The Sessions Court had in 2016 found 60-year-old Low, better known as Repco Low, guilty of market manipulation of Repco shares and sentenced him to five years' jail and a RM5 million fine, which he is presently appealing against.

The former chairman of Repco was charged under Section 84(1) of the Securities Industry Act 1983 for carrying out acts calculated to create a misleading appearance, with respect to the price of Repco shares on the Kuala Lumpur Stock Exchange on Dec 3, 1997.

Low was initially acquitted without his defence being called, and the decision was upheld by the High Court. But the Court of Appeal reversed the decision and ordered him to enter his defence, and the trial resumed in the Sessions Court before another judge, which ended in his conviction.

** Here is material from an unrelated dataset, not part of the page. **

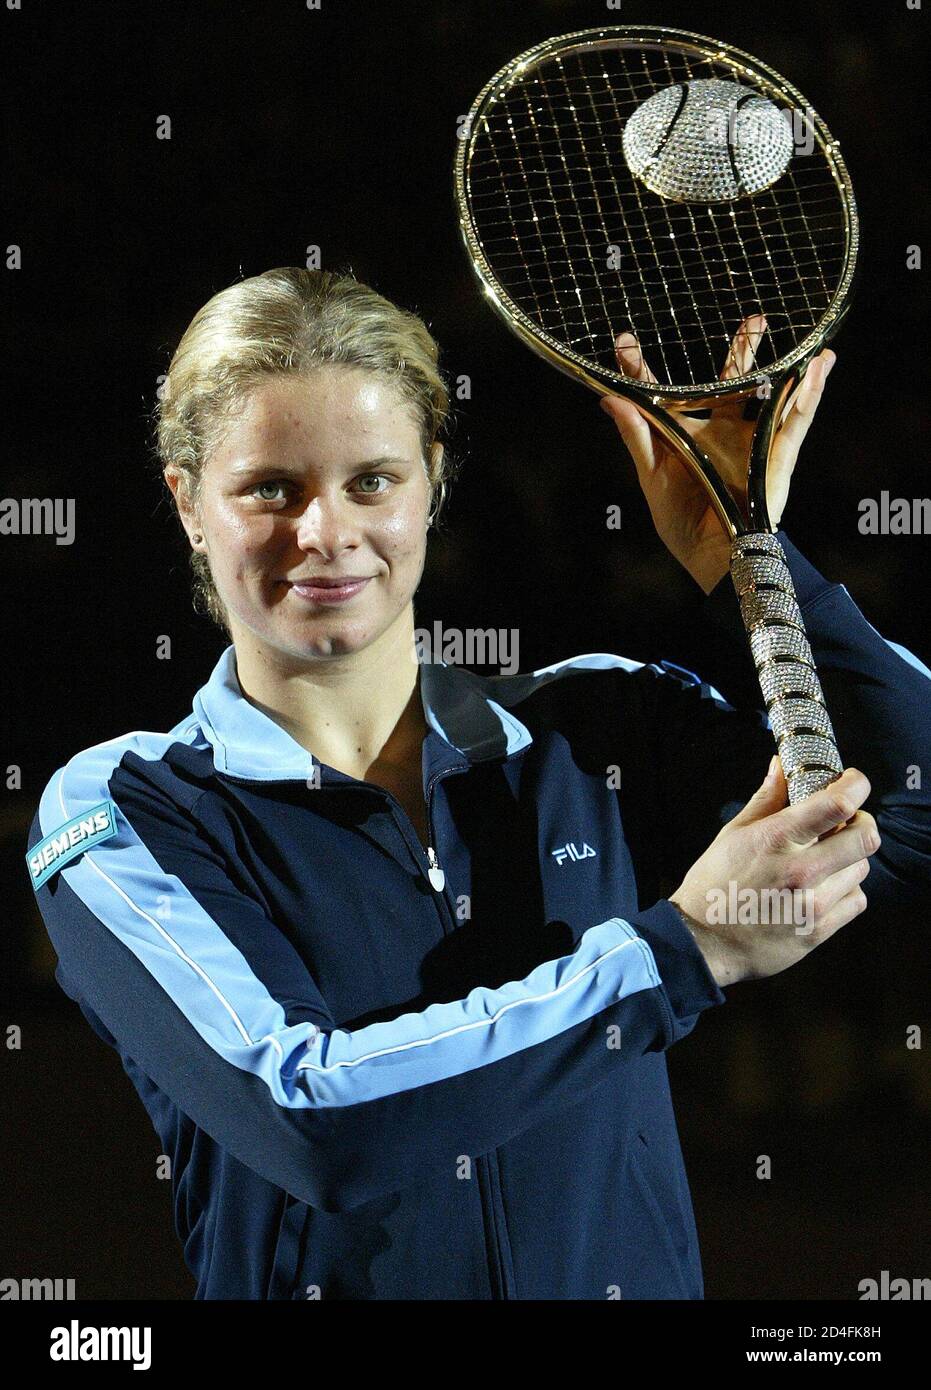 Belgium's Kim Klijsters holds up the Diamond racket trophy after defeating  Italy's Silvia Farina Elia in the final at the WTA Proximus Diamond Games  tournament in Antwerp February 22, 2004. Clijsters won

In October, Low’s defence team submitted that the Sessions Court judge had erred in not taking into consideration the expert witness and empirical research to show that it was not market manipulation as alleged in the charge, but an averaging in.

The prosecution, meanwhile, said the Sessions Court did not err in its decision and the conviction as there was sufficient appreciation of evidence by the learned Sessions Court judge specific to the mens rea (criminal intent) of Low when he made the purchases of the Repco shares.